UK Commercial Property Fund Suspensions

 We have seen over the past week a number of UK Commercial Property funds suspend trading. This has been widely covered by main stream media outlets.

 The first to suspend trading was Standard Life. We currently use Standard Life predominantly in our model portfolios of which the majority of our clients will be invested.

 This commentary is to help you understand the reasons why the suspension has been implemented, how it could affect you and what we see as the future for UK Commercial Property.


Standard Life, like many UK Property funds has witnessed large outflows since the EU Referendum. In May alone, £340m was withdrawn from UK Property funds.

 Standard Life did keep a fairly large amount of the fund in cash prior to the referendum. With this being used to meet withdrawal requests, the fund has suspended trading to allow George Shaw and his team time to realise assets at what is a good price to investors.

It could be possible to realise assets fairly quickly, but this would come at a price which would be a low selling price. This would then impact on the returns the fund has made and so reduce values for clients withdrawing monies but also those willing to sit tight.

Although a suspension of a fund brings feelings of the credit crunch when this was last experienced, it is important for clients to understand that this action by Standard Life is reassuring. They are protecting investors who in the long term want to remain invested and beat the poor offerings from cash, and certainly protect themselves against long term inflation.

It is also important to note that many equity funds have seen larger outflows (£439m) during May than those from UK property funds. The main difference is the liquidity of equities compared to property. 

So what does this mean to our clients? In the short term, the property fund will continue to be priced daily to reflect the value of the properties it holds. Standard Life will continue to receive rent from its tenants and hold this in the fund. For clients investing in to our models, we are allocating the monies that would have gone to property into Cash. Your adviser will communicate this to you to ensure it doesn’t affect the advice they have given to you. We see this as the right move as although Cash isn’t great in the long term, it will offer security against volatile stock markets and will remain liquid in readiness for buying in to Property funds when they are back open.

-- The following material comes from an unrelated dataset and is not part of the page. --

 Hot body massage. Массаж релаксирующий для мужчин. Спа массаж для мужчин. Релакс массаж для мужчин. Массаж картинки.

For clients taking income, we have the majority of your monies in other funds. The models we run do not go in excess of 20% in property and the majority of investors will be nearer 12%. As such, this means there is 80%+ of your monies in other funds that have performed well during June and so will be ready to supply cash for your income.

 Long term we see UK Commercial property being an asset with real value to you. It works well in diversifying risk away from equities which are certainly showing their volatile sides at the moment. Property is also an asset to which we in Britain have a strong emotional attachment. This isn’t likely to change and so sticking by the fund and their decision is right when targeting longer term growth.

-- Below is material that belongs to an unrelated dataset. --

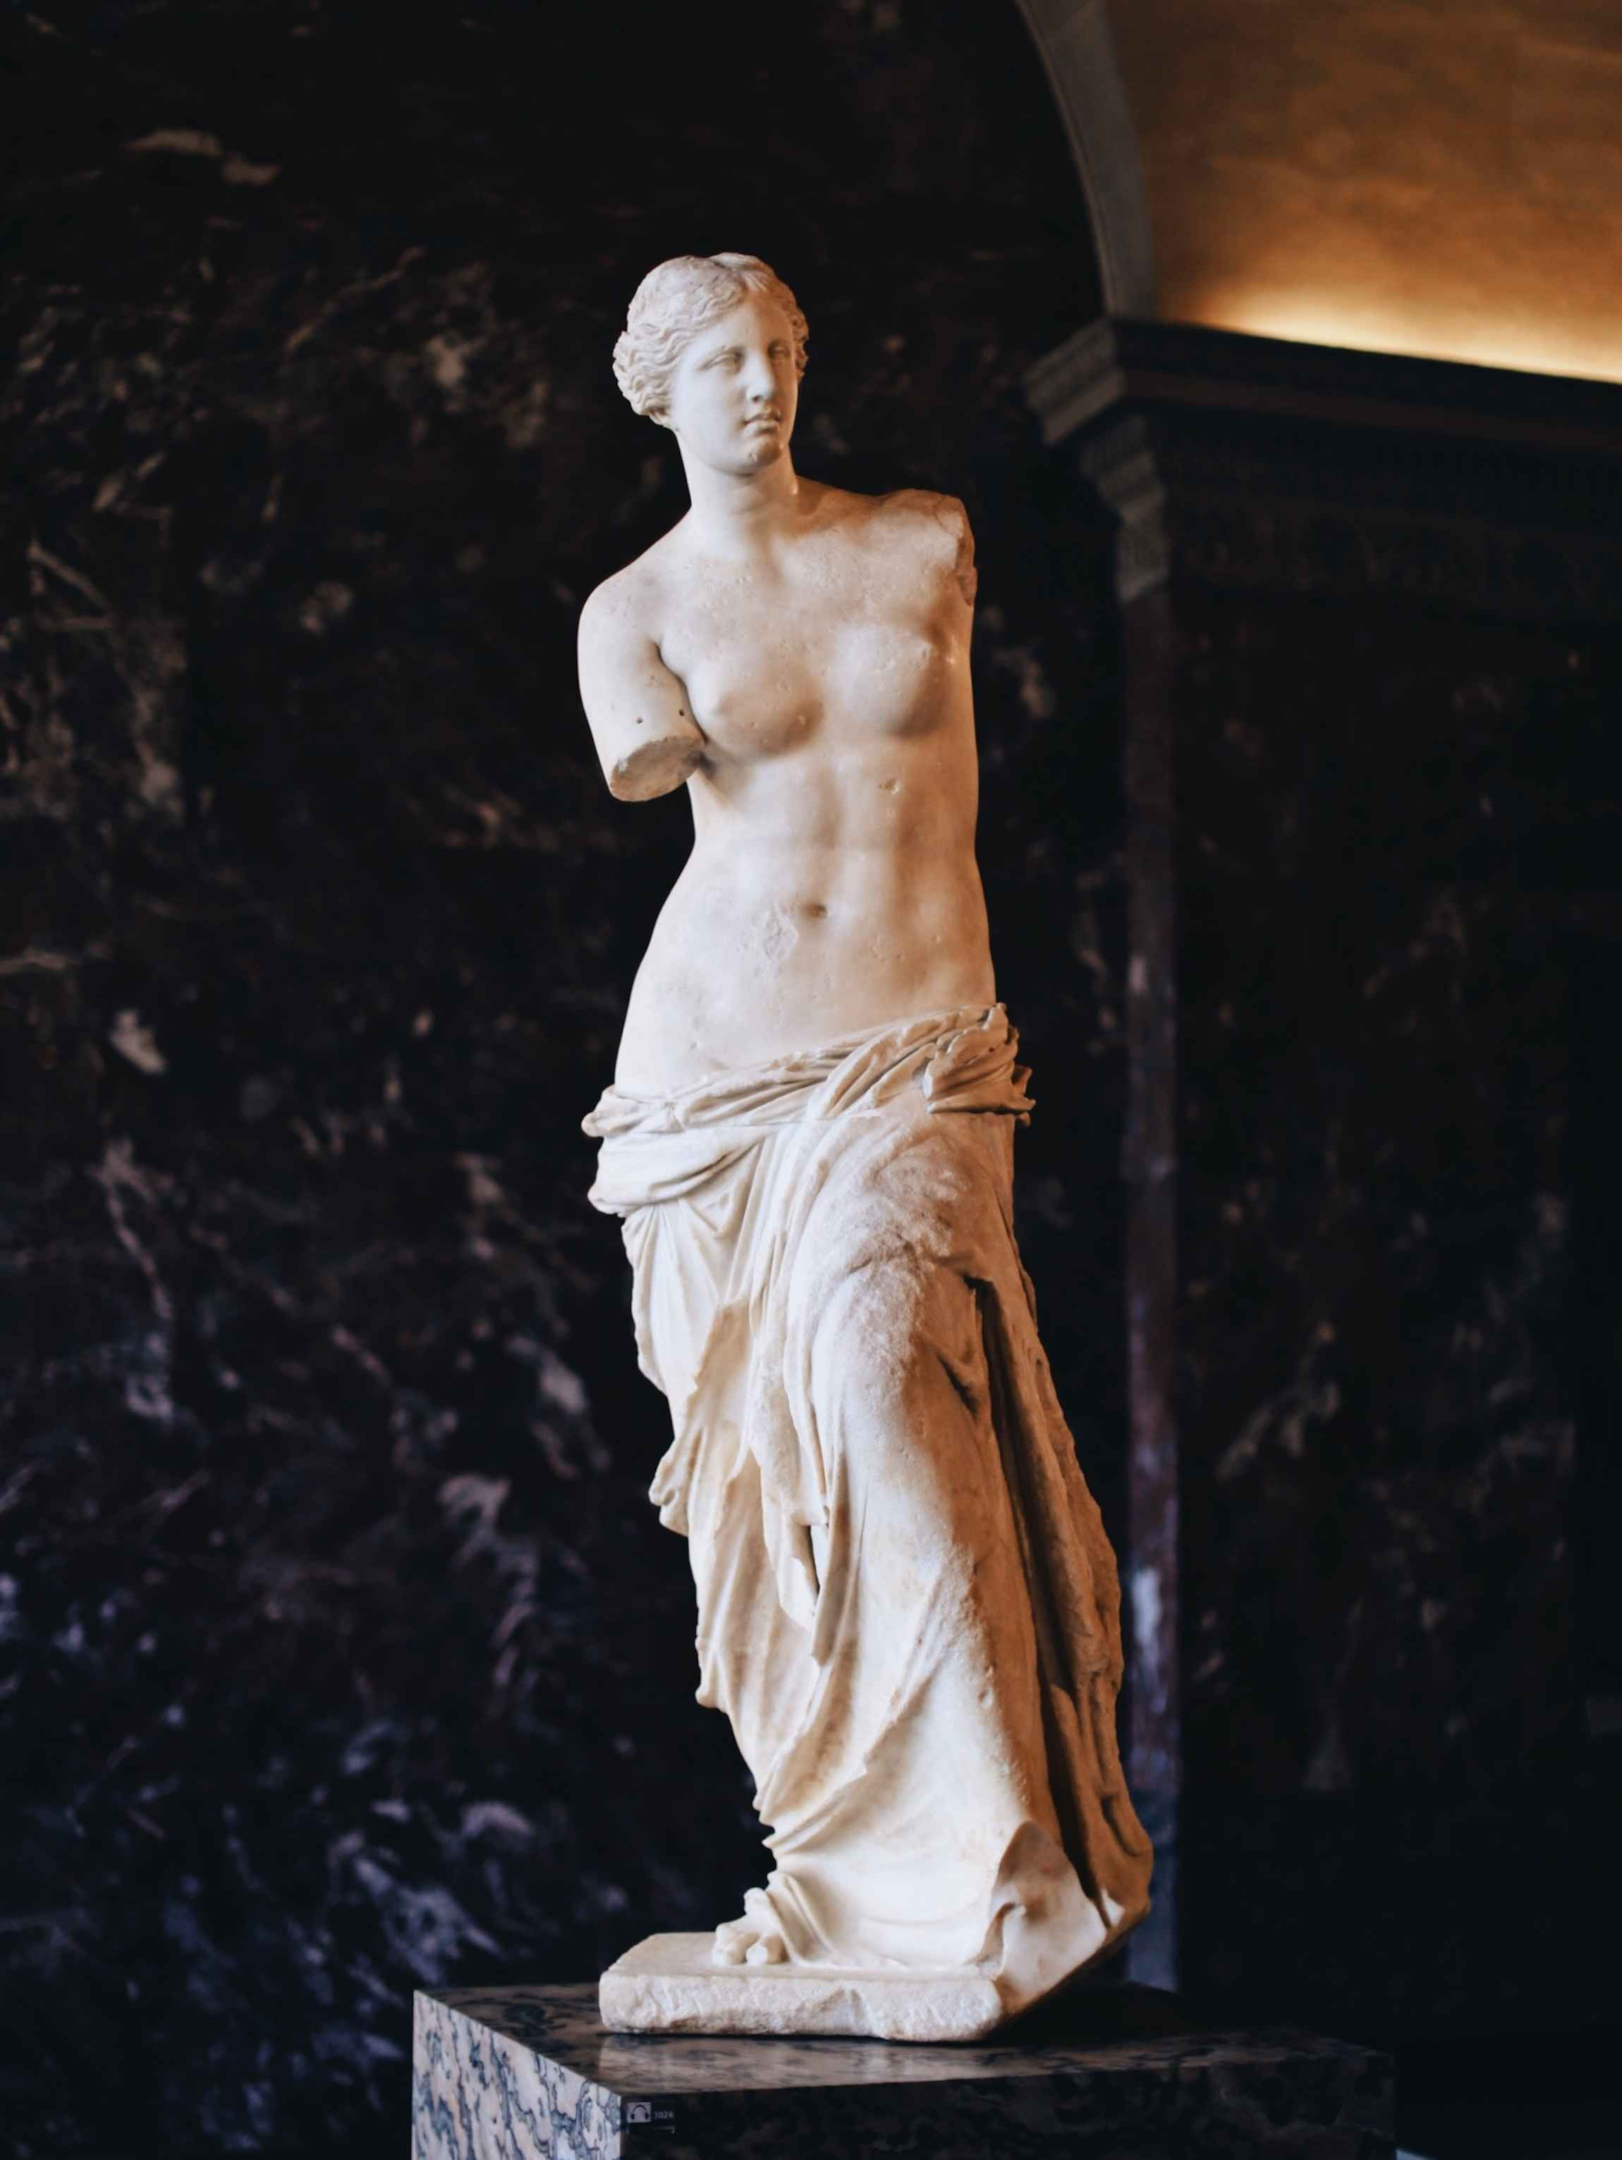 Venus de Milo (c. 130 BCE) by Alexandros of Antioch | Photo from Unsplash

Although Brexit has left many nervous about the future of the UK economy, we continue to see strong fundamentals being displayed such as low unemployment and strong real wage growth. These fundamentals are important to commercial property and mean that although there is short term uncertainty, the longer term view is positive.

We would like to remind clients that we are always keen to answer any questions you may have or settle your nerves if you have read or seen something that concerns you. If you have any questions about how your investment has been affected since Brexit than please do not hesitate to contact us where we will always make time for you.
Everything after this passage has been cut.